Generalized energy-efficient algorithms for the RFID estimation problem

  • Authors:
  • Tao Li;Samuel S. Wu;Shigang Chen;Mark C. K. Yang

  • Affiliations:
  • Department of Computer & Information Science & Engineering, University of Florida, Gainesville, FL;Department of Epidemiology and Health Policy Research and the Department of Statistics, University of Florida, Gainesville, FL;Department of Computer & Information Science & Engineering, University of Florida, Gainesville, FL;Department of Statistics, University of Florida, Gainesville, FL

  • Venue:
  • IEEE/ACM Transactions on Networking (TON)
  • Year:
  • 2012

Quantified Score

Hi-index 0.00

Visualization

Abstract

Radio frequency identification (RFID) has been gaining popularity for inventory control, object tracking, and supply-chain management in warehouses, retail stores, hospitals, etc. Periodically and automatically estimating the number of RFID tags deployed in a large area has many important applications in inventory management and theft detection. Prior works focus on designing time-efficient algorithms that can estimate tens of thousands of tags in seconds.
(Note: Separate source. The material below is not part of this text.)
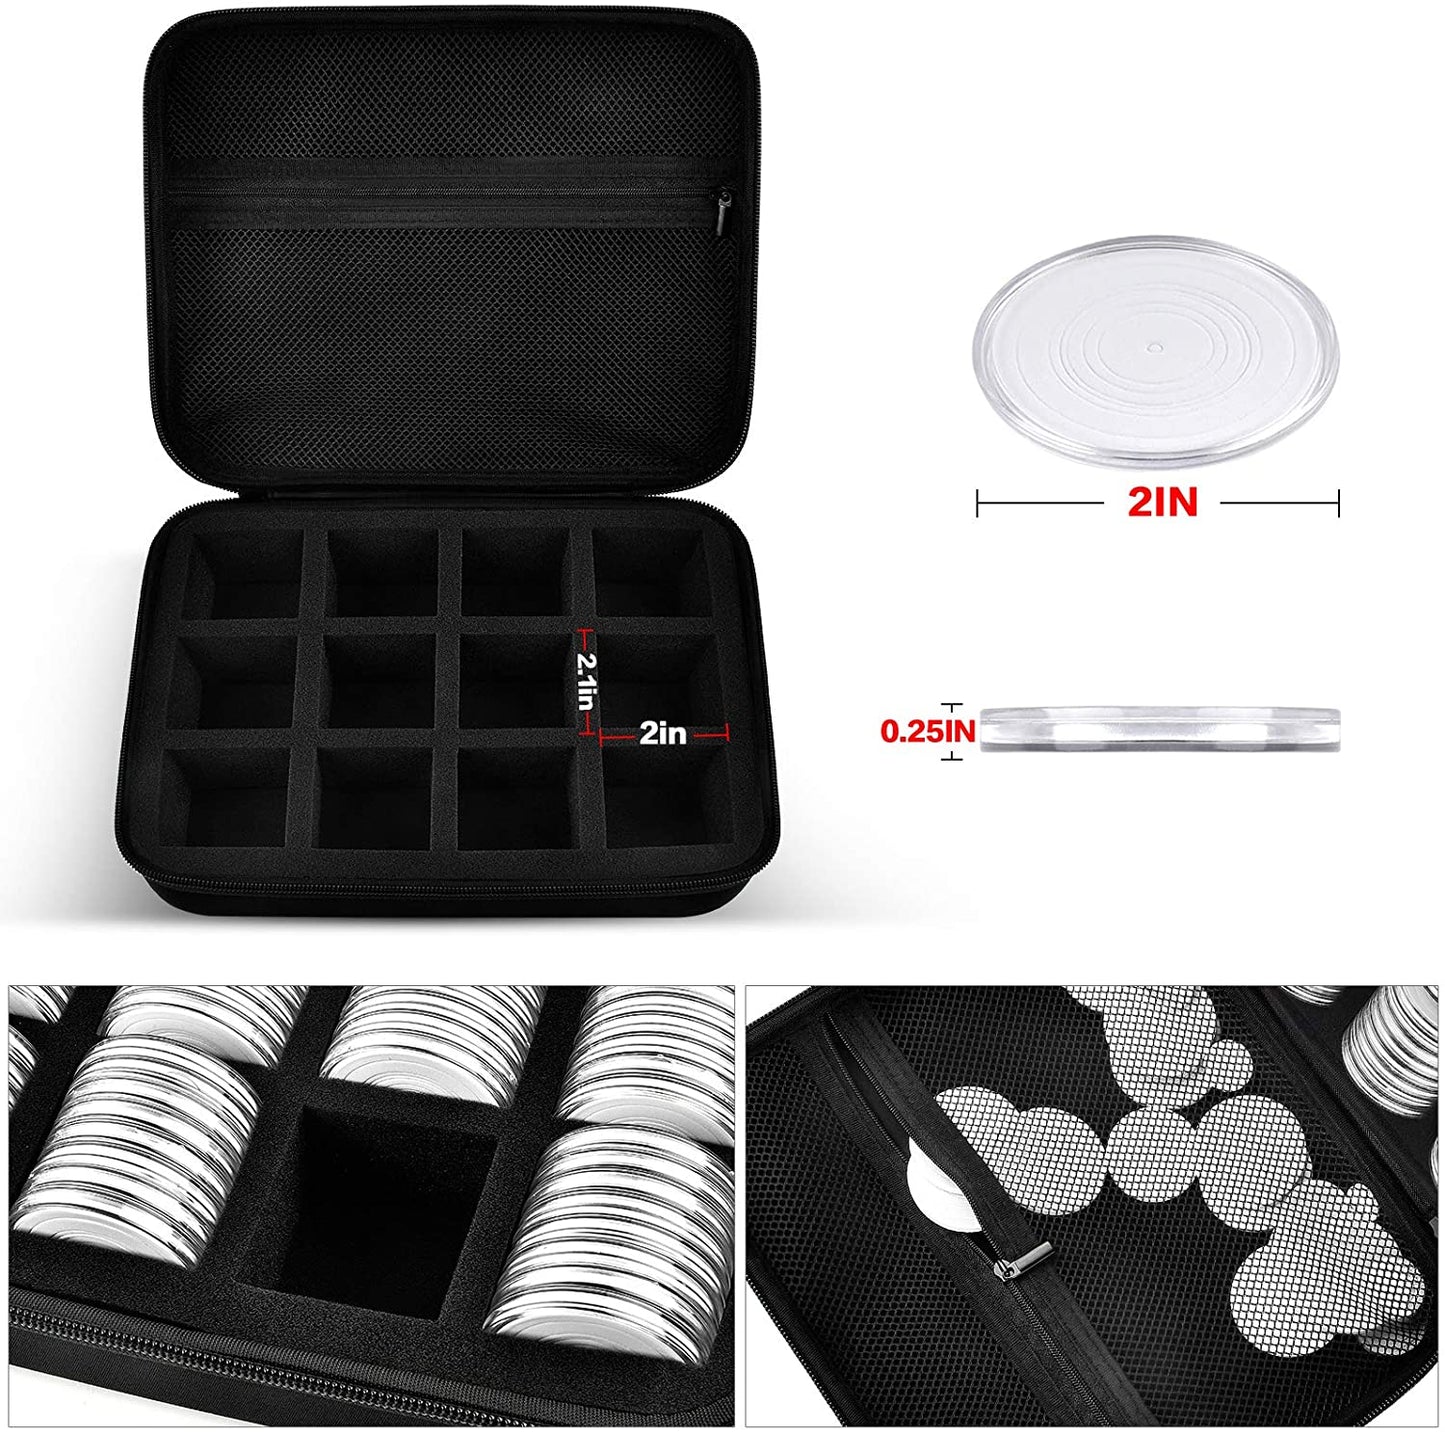 96 Pieces 46mm Coin Capsules, with Foam Gasket and Plastic Storage Organizer Box, 6 Sizes (20/25/27/30/38/46mm) Coins Collector Case Holder for Coin Collection Supplies
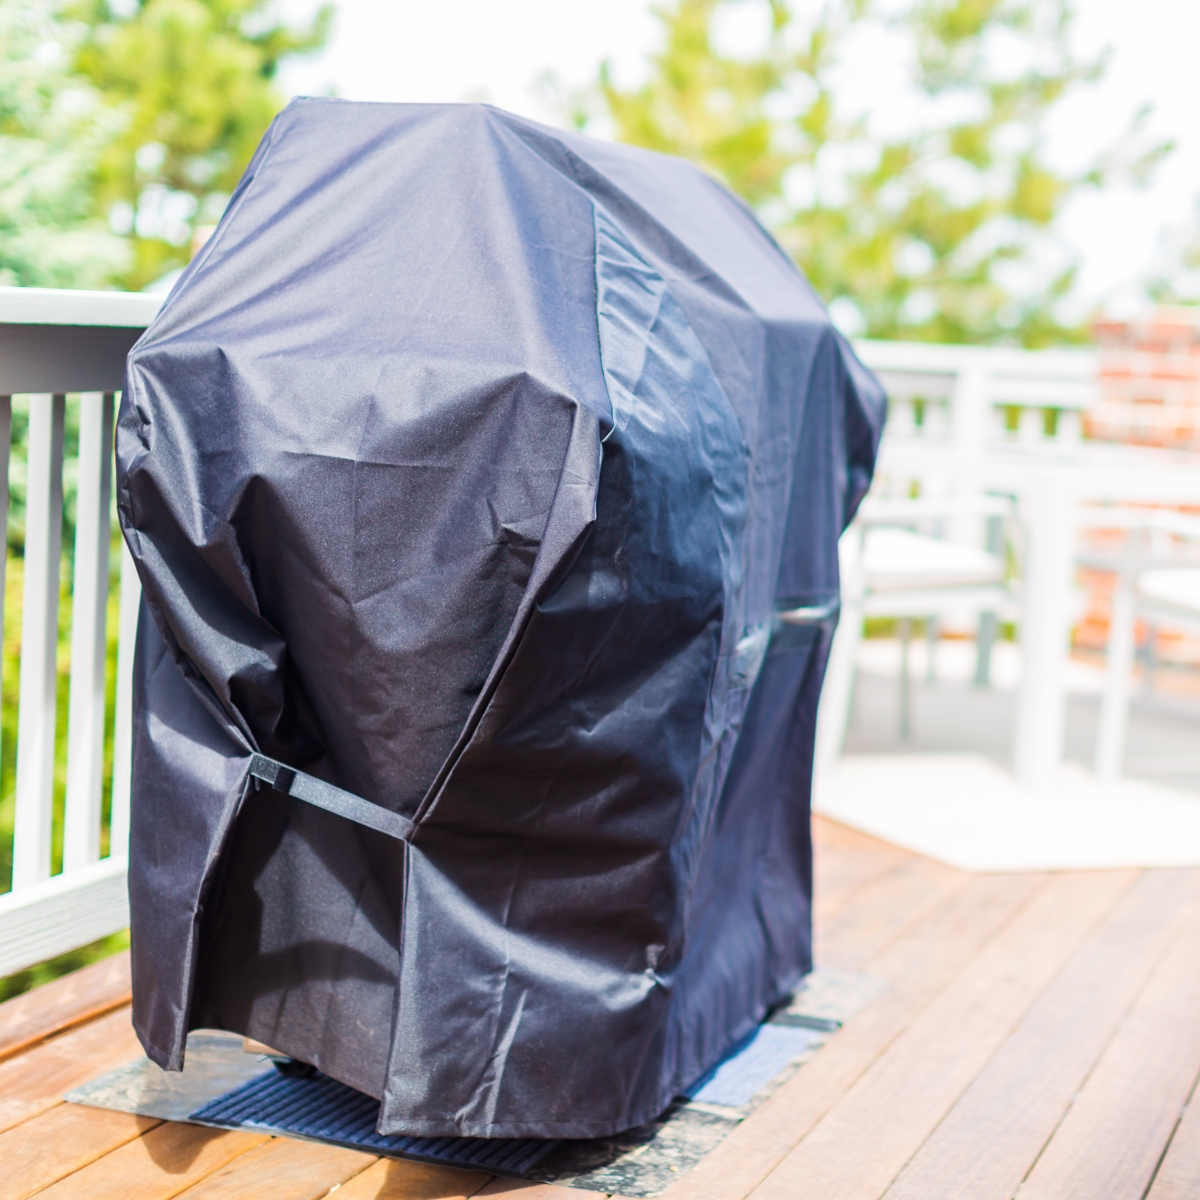 What is a grill cover

We observe that for an RFID reader to access tags in a large area, active tags are likely to be used due to their longer operational ranges. These tags are battery-powered and use their own energy for information transmission. However, recharging batteries for tens of thousands of tags is laborious. Hence, conserving energy for active tags becomes critical. Some prior works have studied how to reduce energy expenditure of an RFID reader when it reads tag IDs. We study how to reduce the amount of energy consumed by active tags during the process of estimating the number of tags in a system. We design two energy-efficient probabilistic estimation algorithms that iteratively refine a control parameter to optimize the information carried in transmissions from tags, such that both the number and the size of transmissions are reduced. These algorithms can also take time efficiency into consideration. By tuning a contention probability parameter ω, the new algorithms can make tradeoff between energy cost and estimation time.